Kew Gardens botanists discover world's largest waterlily is new species

Researchers at London's Royal Botanical Gardens, Kew have discovered the largest waterlily in the world.

The new botanical discovery is in the genus Victoria, the famous giant waterlily genus named after Britain's Queen Victoria in 1852. Until now, there have only been two known species of giant waterlily; the new species makes it three.

Specimens of the new species, Victoria boliviana, have been sitting in Kew's Herbarium for 177 years and in the National Herbarium of Bolivia for 34 years. During this time, it was commonly believed to be Victoria amazonica.

However, after years of investigation, a team led by Kew's scientific and botanical research horticulturist Carlos Magdalena, freelance Kew botanical artist Lucy Smith, and biodiversity genomics researcher Natalia Przelomska, alongside partners from the National Herbarium of Bolivia, Santa Cruz de La Sierra Botanic Garden and La Rinconada Gardens, has finally been able to confirm it as a new scientific species.

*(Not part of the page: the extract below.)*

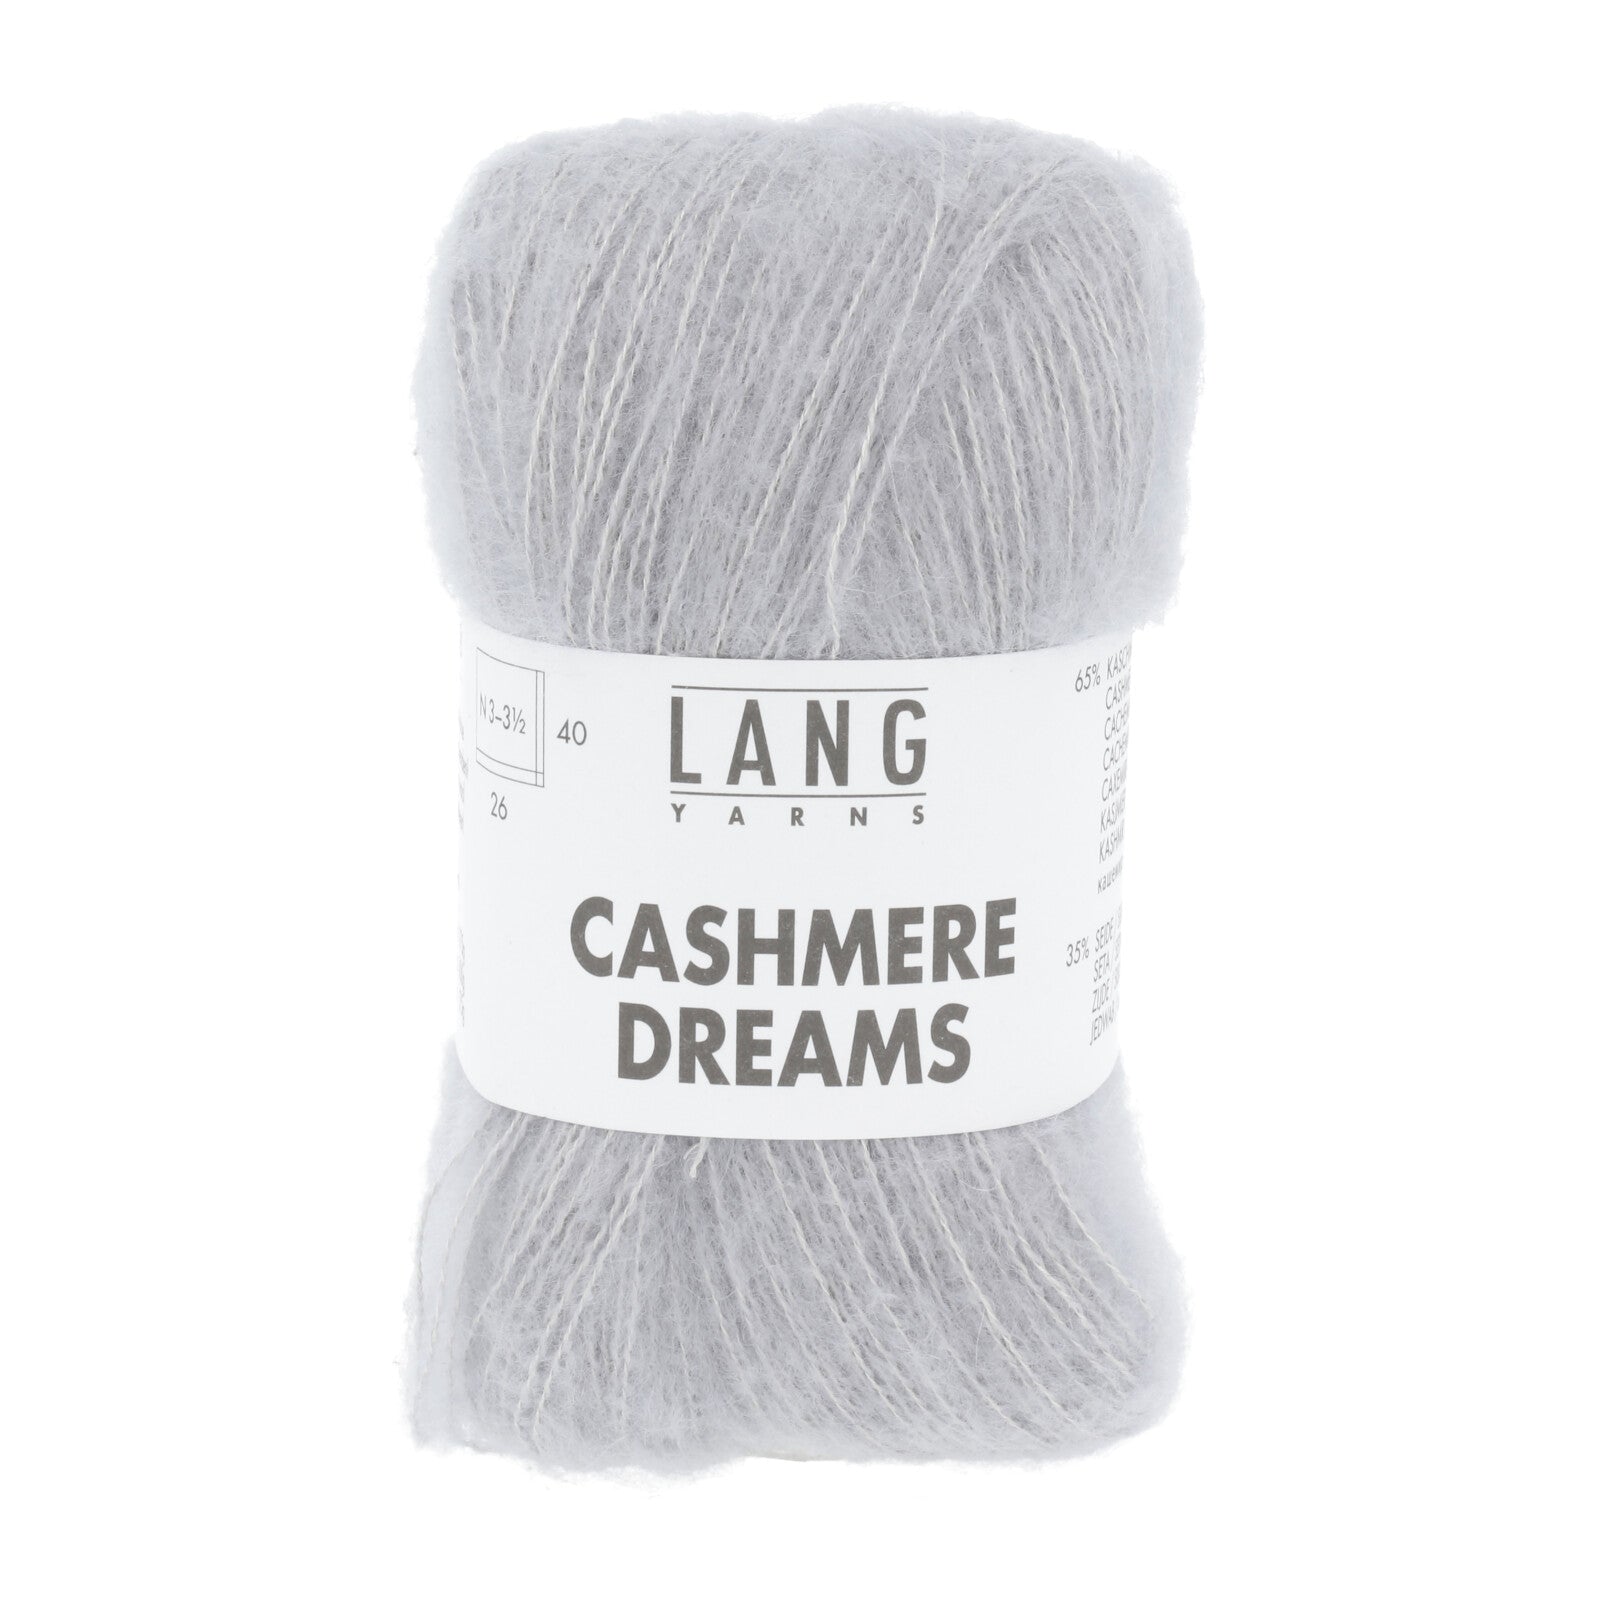 Buy cashmere wool BIG Lang Yarns - super thick NS 9-10 mm online –   by CASHMERE & CO

With flowers that turn from white to pink and bearing spiny petioles, V. boliviana is now the largest waterlily in the world, with leaves growing as wide as three metres in the wild. After suspecting for years there was a third species in the Victoria genus, Magdalena, a world expert on waterlilies, began making enquiries to gardens in Bolivia. In 2016, Bolivian institutions Santa Cruz de La Sierra Botanic Garden and La Rinconada Gardens donated a collection of giant waterlily seeds from the suspected third species.

He then germinated and grew the seeds back at Kew, and while watching the waterlily grow side-by-side with the other two Victoria species, he knew immediately something was different. In 2019, he visited Bolivia to check out the waterlily for himself in the wild and was amazed.

"Ever since I first saw a picture of this plant online in 2006, I was convinced it was a new species," he explained. "Horticulturists know their plants closely; we are often able to recognise them at a glimpse. It was clear to me that this plant did not quite fit the description of either of the known Victoria species and therefore it had to be a third."

The new giant waterlily can now be seen in the Waterlily House and the Princess of Wales Conservatory at Kew Gardens.